2006-11-13 05:53:01 UTC

Alexander,

Post by Alexander Grigoriev
A higher priority thread gets CPU immediately as soon as it's ready to run,
without waiting for a lower priority thread to use its time slice.

This is true....

Thank you for correction

Anton Bassov

Post by Alexander Grigoriev
A higher priority thread gets CPU immediately as soon as it's ready to run,
without waiting for a lower priority thread to use its time slice.

Post by anton bassov
You may consider increasing base priority of your process and thread.
However, even this step does not offer an ultimate solution.
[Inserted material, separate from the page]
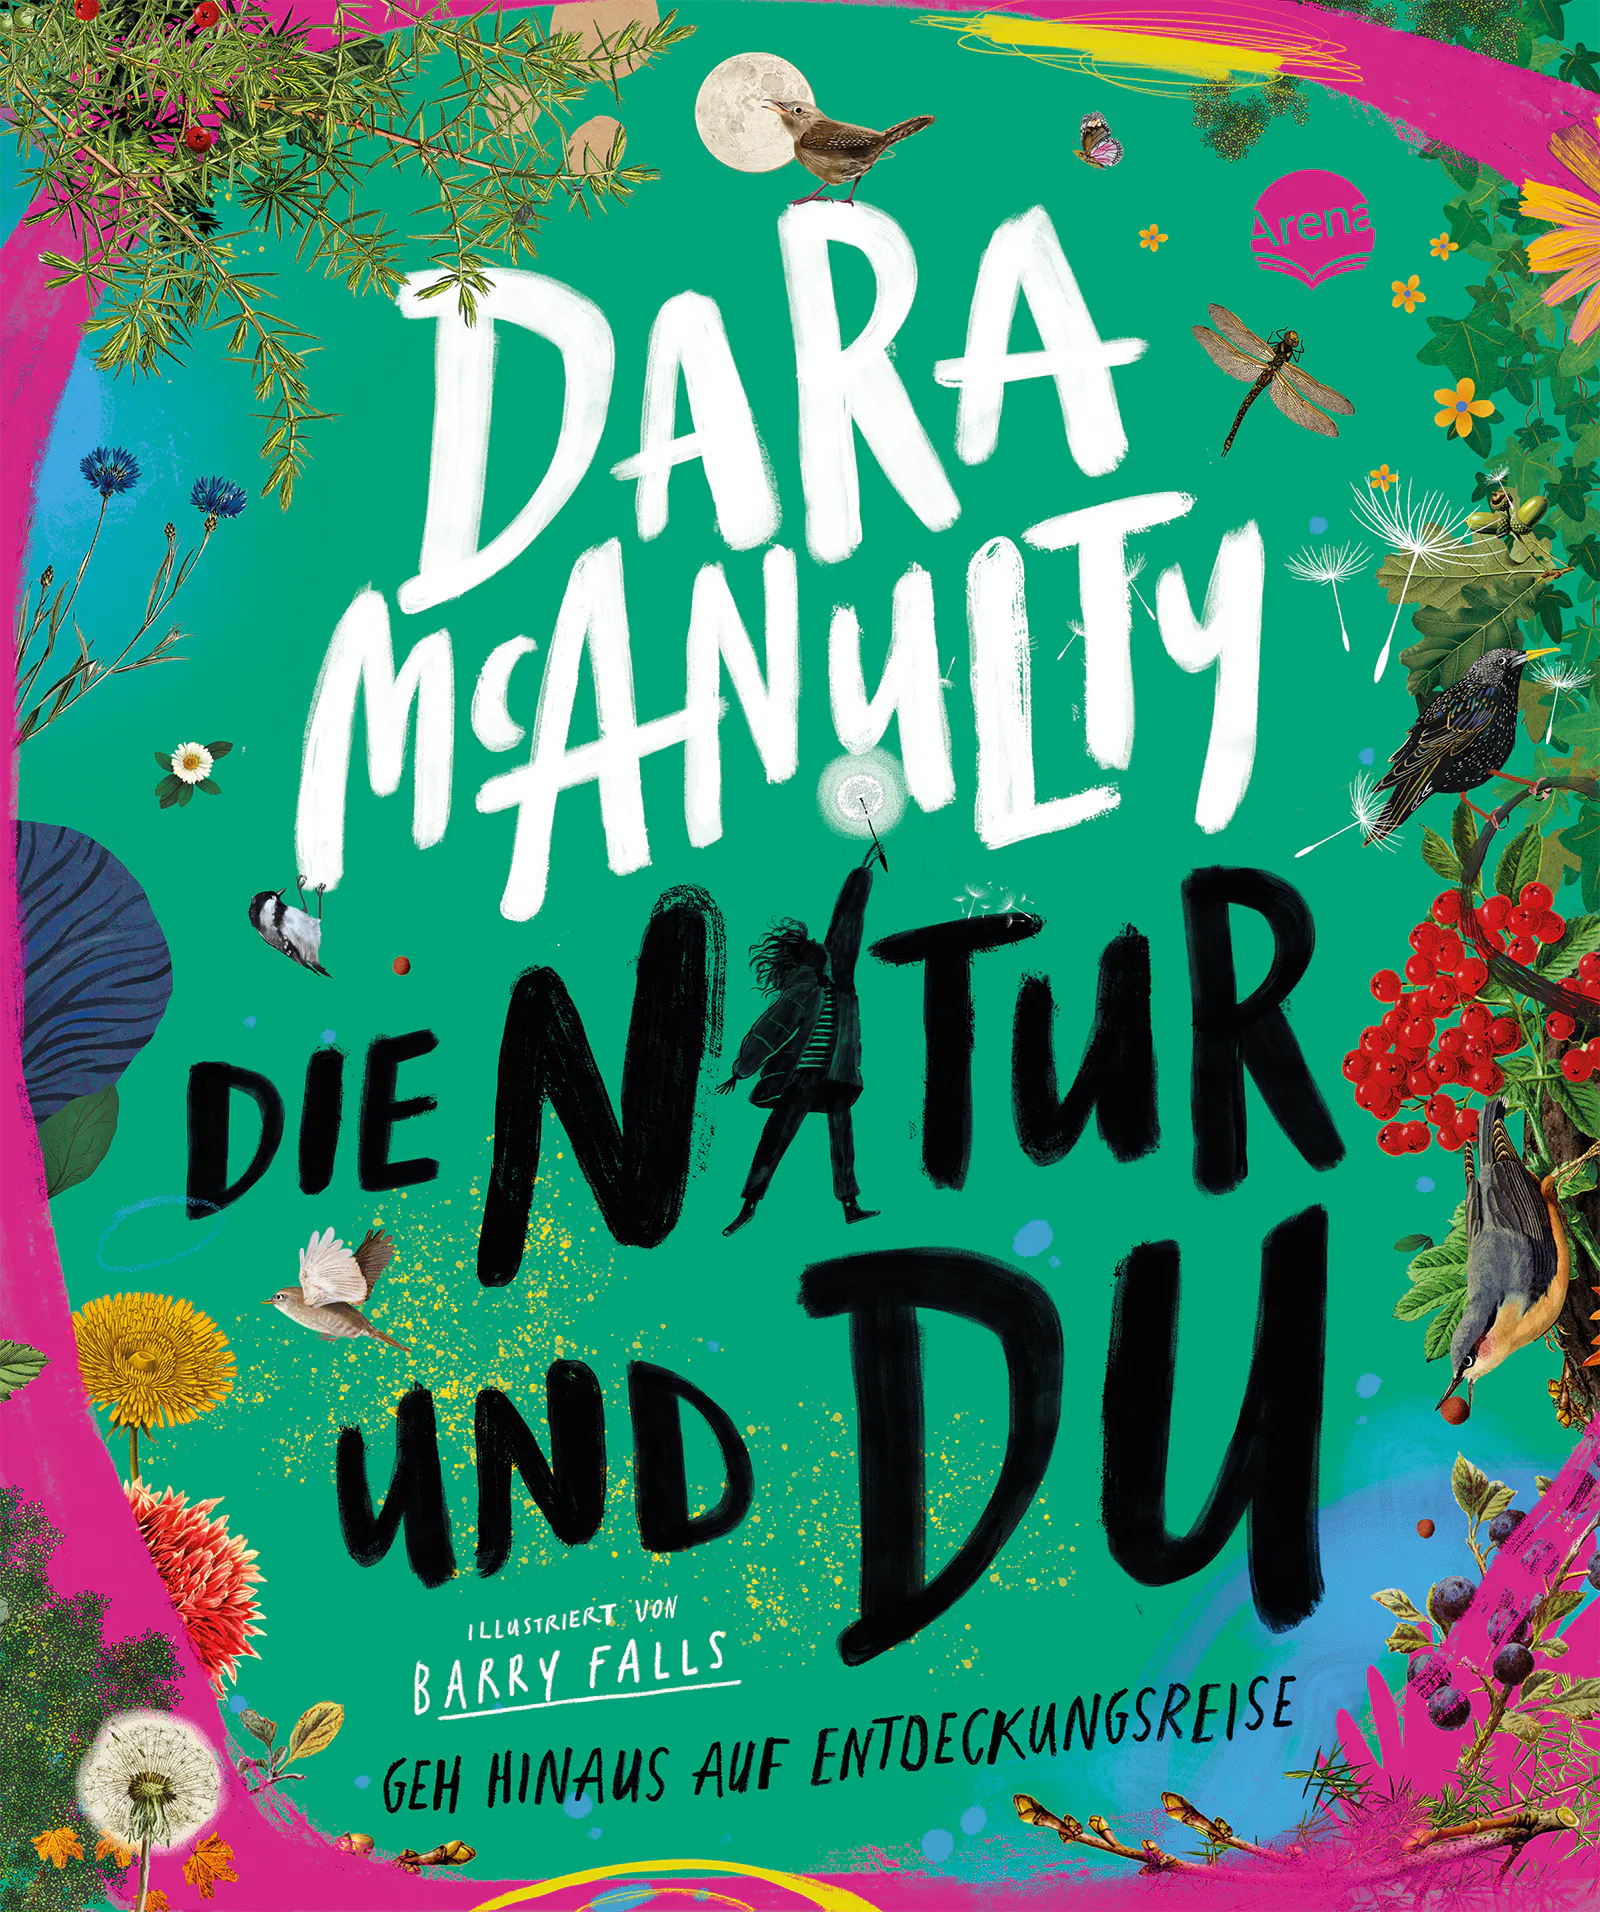 Cover von "Die Natur und du - geh hinaus auf Entdeckungsreise" von Dara McAnulty, erschienen im Arena Verlag.

Unless
currently running thread yields the CPU voluntarily, it is going to run
until its quantum expires (on Windows Server systems the default
quantum is 12 clock ticks , although on workstations it is only 2 clock
ticks ).

William DePalo [MVP VC++]

2006-11-13 05:36:55 UTC

Post by Rainny
I use timer queue API to create an event object which is fired at
regular interval say 10 milliseconds. The precision seems not very
satisfying. I wonder if it's natural for a non-realtime OS, and is
there anything I can do with it? Thanks.

Before the place in your application where you first need the timer, place a
call to

timeBeginPeriod(1);

and when you are done using the timer add a

timeEndPeriod(1);

There will still be no guarantees, but chances are you'll see better
results. And on a busy system, you'll likely need to elevate the priority of
your thread / application.

Regards,
Will

Rainny

2006-11-13 05:58:04 UTC

I've already included these two calls in my code. It doesn't help,
unfortunately.

"William DePalo [MVP VC++] wrote:
"

Post by William DePalo [MVP VC++]

Post by Rainny
I use timer queue API to create an event object which is fired at
regular interval say 10 milliseconds. The precision seems not very
satisfying. I wonder if it's natural for a non-realtime OS, and is
there anything I can do with it? Thanks.

Before the place in your application where you first need the timer, place a
call to
timeBeginPeriod(1);
and when you are done using the timer add a
timeEndPeriod(1);
There will still be no guarantees, but chances are you'll see better
results. And on a busy system, you'll likely need to elevate the priority of
your thread / application.
Regards,
Will

William DePalo [MVP VC++]

2006-11-13 06:54:23 UTC

Post by Rainny
I've already included these two calls in my code. It doesn't help,
unfortunately.

Oh sorry. I didn't scrutinize your code but when I looked that the 125 ms
delay, I just assumed that you could do better by fiddling with the timer.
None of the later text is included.